Is the only real answer sandboxing + zero trust + treating agents as hostile by default? Or is this category fundamentally incompatible with least privilege?

yikes

mh2266 50 minutes ago [-]
> “did they patch this RCE,”

no, they documented it

https://docs.openclaw.ai/gateway/security#node-execution-sys...

g947o 17 minutes ago [-]
So that's shifting the responsibility to users. And likely many users tools don't understand what those words mean.

All these companies/projects break decades of our security practice and sell you AI browser, AI agent for... I don't know what?

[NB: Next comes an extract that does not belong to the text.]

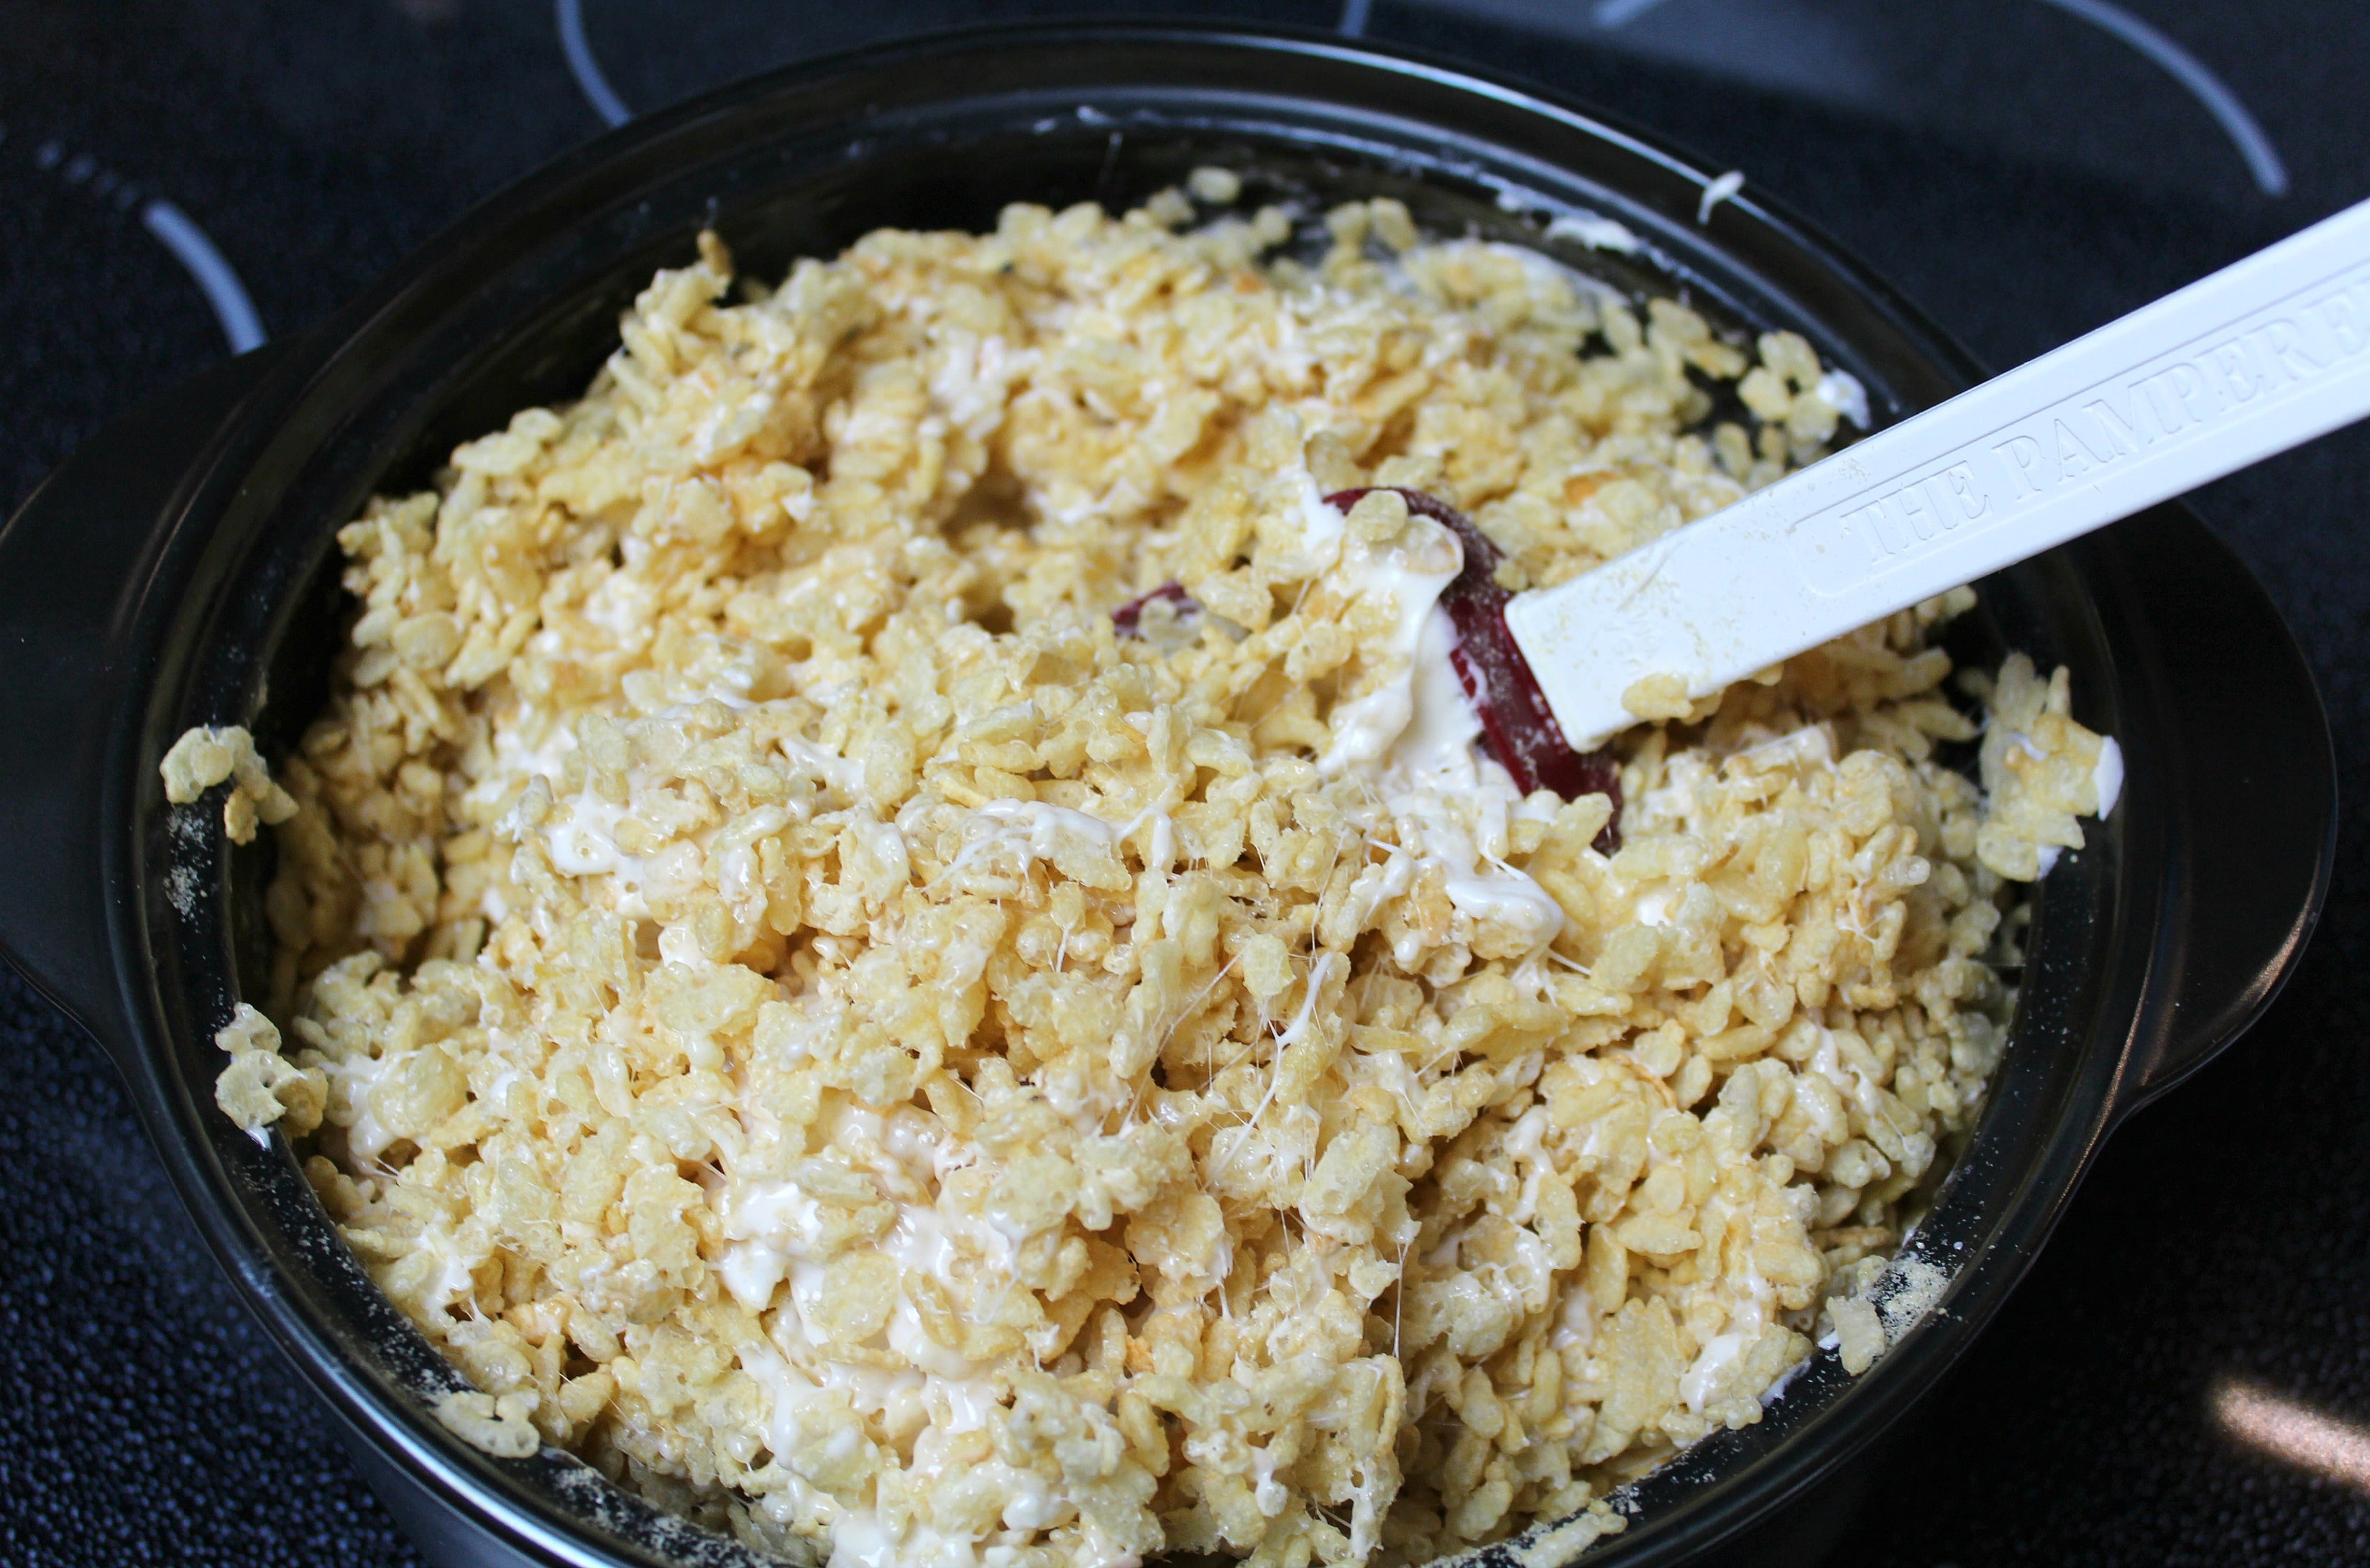 Stir the marshmallow into the rice crispies until they're thoroughly coated.

vulnwrecker6000 3 minutes ago [-]
Agents need fewer privileges!
chrisjj 51 minutes ago [-]
We need more Windows' "Are you sure you want XXX to make changes to your computer? (no I can't tell you what changes, but trust me.)"

/i

clawsyndicate 1 hours ago [-]
legit issue for local installs but this is why we run the hosted platform in gVisor. even with the exploit you're trapped in a sandbox with no access to the host node. we treat every container as hostile by default.
hughw 28 minutes ago [-]
You sound like the confident techie character in a Michael Crichton novel pronouncing "We've thought of everything there's no way for the demon to escape" shortly before the demon escapes.
chrisjj 41 minutes ago [-]
So... what use is an agent that cannot reach out of its trap?
electroglyph 1 hours ago [-]
that response is not comforting
nsm100 1 hours ago [-]
Thank you for doing this. I'm shocked that more people aren't thinking about security with respect to AI.
avaer 46 minutes ago [-]
People are thinking about it. I'm just not sure if the intersect between people who use OpenClaw/Moltbook is very high.
lxgr 56 minutes ago [-]
This isn't even AI security, as far as I can tell: It looks like regular old computer security to me.
g947o 12 minutes ago [-]
In the old days we just call that arbitrary code execution.

And these AI people just act as if that's never a problem.